WHAT THIS TASK INVOLVES: Lines from the one with "Bathroom Exhaust Fan Exterior Cover" up to and including the one with "stainless outside cap With images" are to be copied exactly from the records below, without their pictures.

EXERCISE INPUT:

───

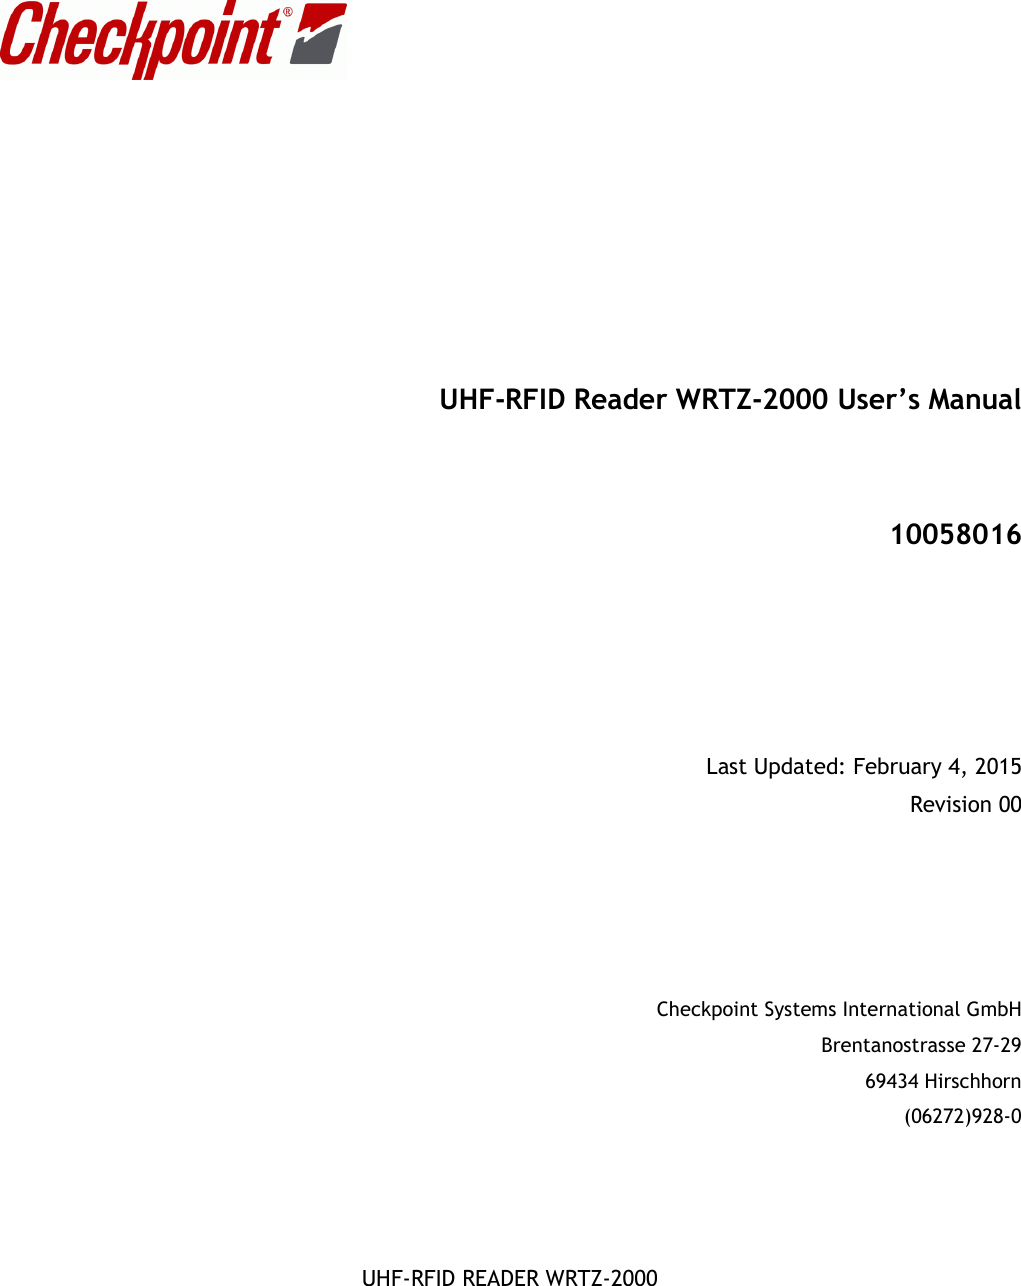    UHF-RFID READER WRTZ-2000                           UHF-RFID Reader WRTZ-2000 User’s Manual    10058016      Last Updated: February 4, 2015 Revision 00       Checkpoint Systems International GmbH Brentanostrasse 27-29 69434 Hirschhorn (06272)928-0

───

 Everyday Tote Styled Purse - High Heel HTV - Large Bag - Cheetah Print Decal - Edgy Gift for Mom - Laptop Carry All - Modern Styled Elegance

───

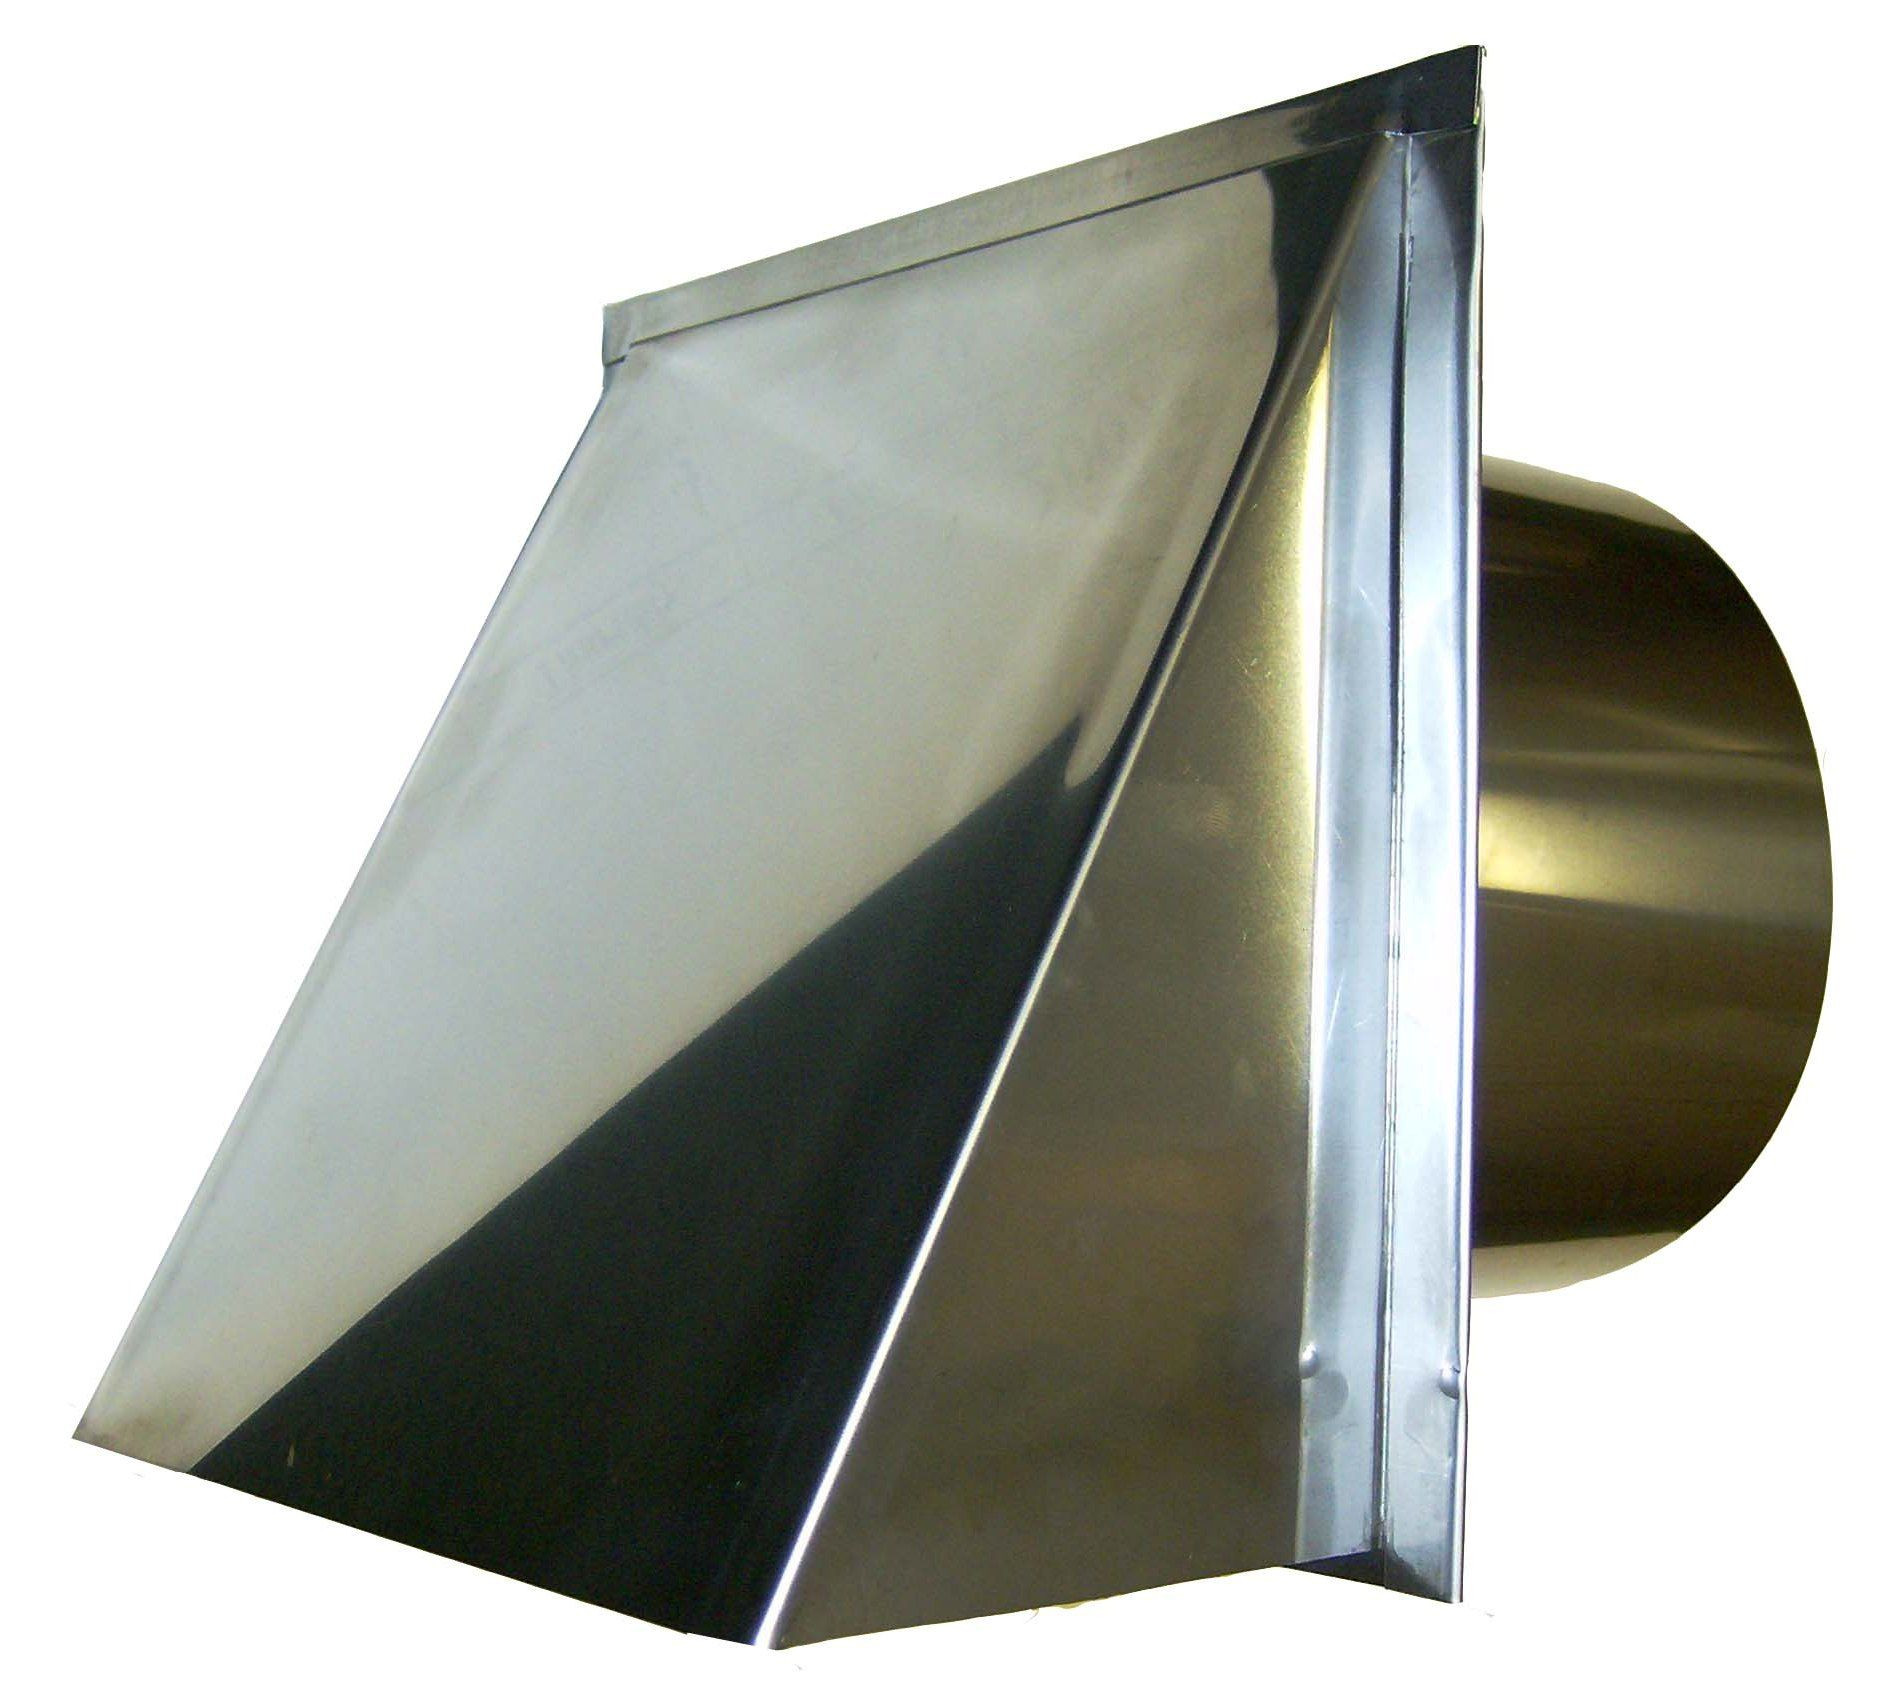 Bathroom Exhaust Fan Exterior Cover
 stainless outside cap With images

───

EXERCISE RESPONSE:
 Bathroom Exhaust Fan Exterior Cover
 stainless outside cap With images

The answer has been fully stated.